И тут Ник опять засмеялся нервно, всхлипами.
- Может Лекаря ему? - озаботилась Слухач. - Или ты сам, с машинки?
Ник отмахнулся, принялся выдавливать из себя мелкими порциями:
- Но главное, никто не знает, за каким собственно хером он здесь! А хер этот - глаза бы мои его не видели! - вот тут рядышком со мной сидит, да затылок свой скребет, не понимая, как во все это влип. Зря скребет, промежду прочим, по роже видно - ничего не выскребет...
К концу монолога Большой Ник отдышался и посерьезнел.
- А что, муниципальные теперь тоже здесь? - спросил Восьмой.
- Здесь, миленький, здесь, - успокоил Ник.
- Это их начальник за чучело обиделся, - начал объяснять Восьмой. - Я ему чучело обещал. Икса пообещал.
- Ничего, не расстраивайся! Он взамен твое возьмет. Только вот, не пойму, Теневой здесь зачем? Чем интересы Теневого обидел?
- Опасается, что в Хранилище полезем, - предположил Восьмой.
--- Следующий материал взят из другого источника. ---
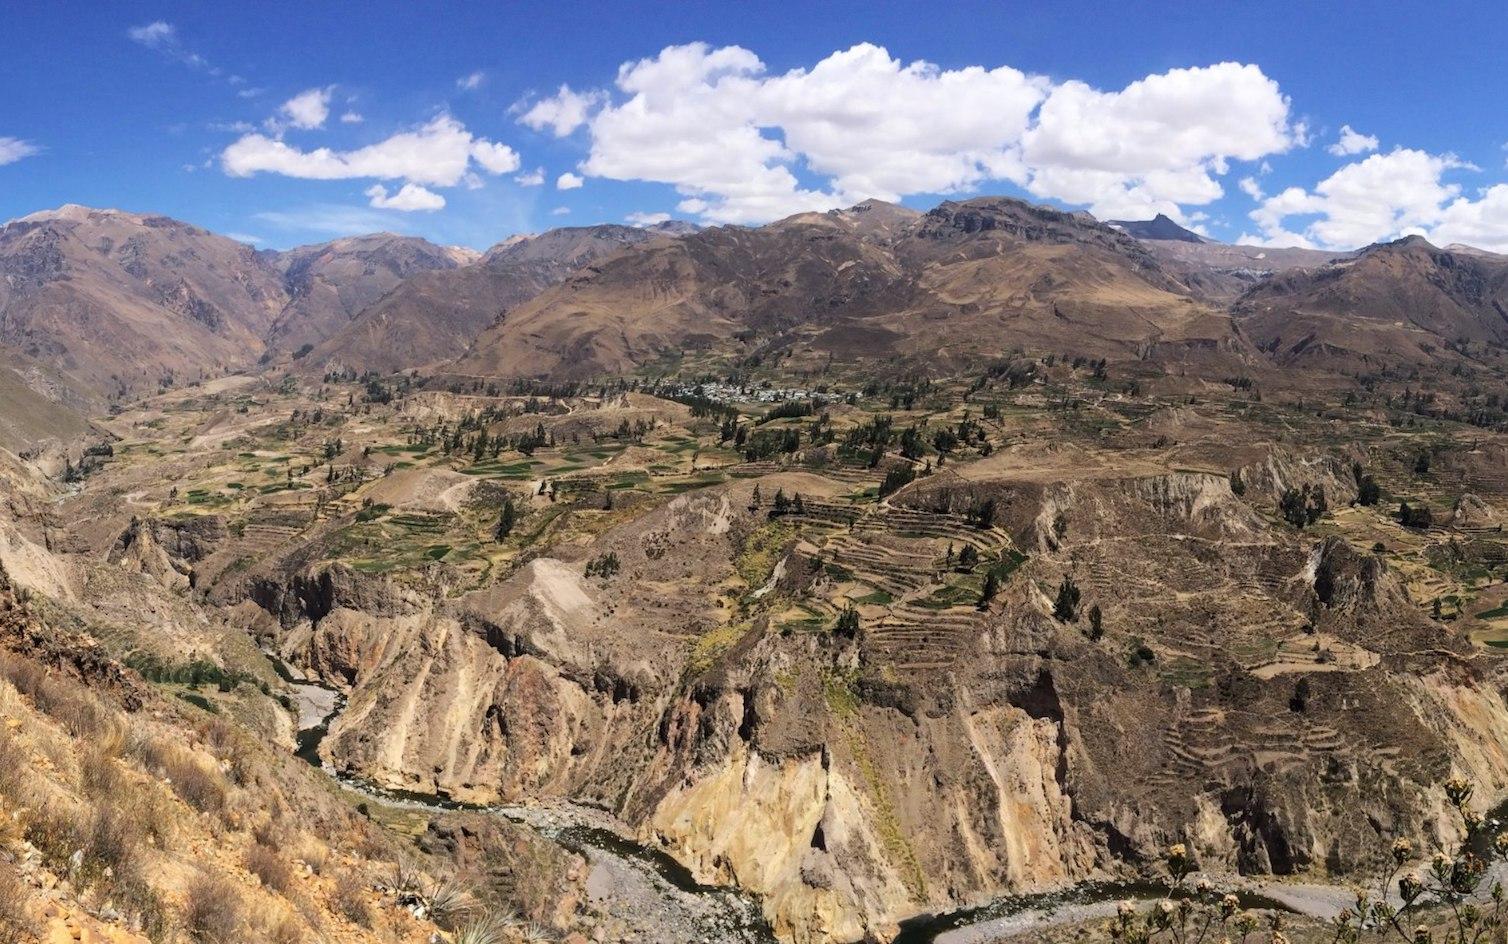 The Definitive Guide To Conquering Peru's Colca Canyon

Думаешь, они из-за Хранилища здесь? - злорадно сказала Слухач. - Они из-за Восьмого! Восьмой живца скормил не того - племянничка самого Теневого. Подставил его Начальник Стражи, конкретно подставил.
- Откуда знаешь? - ошарашено спросил Восьмой.
- Слухачи напели! - сказала, как отрезала. - Пять дней, как весь город стрелка Южных ворот ищет - премия за него нехилая. Восьмому теперь только одно - ноги в руки и на свалку!
Восьмой рот открыл, потом закрыл, потом сказал:
- Я теперь на говнотуннель согласен. Попробуем?
- Поздно, миленький, - сказал Ник. - Группа Очистки прибыла - все дырки, весь периметр заткнула, а уж говносброс первым делом. Теперь каждого таракана сначала сжигают, а лишь потом допросить разрешают - куда, по какому делу полз и почему в этом направлении...
- Так не годится! - объявил, вдруг, Лекарь рассерженно. - Постелить есть чего? Ноги разъезжаются!
Да, - отметил про себя Восьмой, - крови у лестницы натекло много - неудобно Лекарю.
Лекарь, балансируя на чьем-то теле, достал пузырек и поочередно стал опускать в него щепки.
- Ты чего там?
- А те, что наверху, ожили и ногами топают.
- Не должны! - уверенно заявил Ник, и нож сам собой скользнул в ладонь. Восьмой, наконец, разглядел - плоть подала, выдавила.
- Топают-топают! - подтвердил Лекарь. - И с каждым разом все больше их. Один из недоростков рожу сунул, но я не успел - шустрый.
- Откуда взялись? - удивился Восьмой. - Ведь перекрыто все!
Переглянулись с Ником. Тот посерьезнел.
- Раз они вошли, значит, и мы выйдем, - сказал Мастер.
- Сначала глянем - кто такие, потом на прорыв пойдем, - согласился Ник. - Сквозь. Всех зачищать некогда, время потеряем, внизу сообразят...
- Не каждая печень спицу в себе переварит, - на всякий случай предупредил Лекарь.
- Что?
- Та рожа до меня дотянуться пыталась. Очень шустрый...
Остальное Восьмой, как потом не напрягался, помнил плохо. Должно быть, сработала в организме какая-то защита от всего от этого. Перегрузился. Хотя в Желтых провинциях бывало и позабойнее, но отвык, разрыхлел от городской сытой и спокойной жизни.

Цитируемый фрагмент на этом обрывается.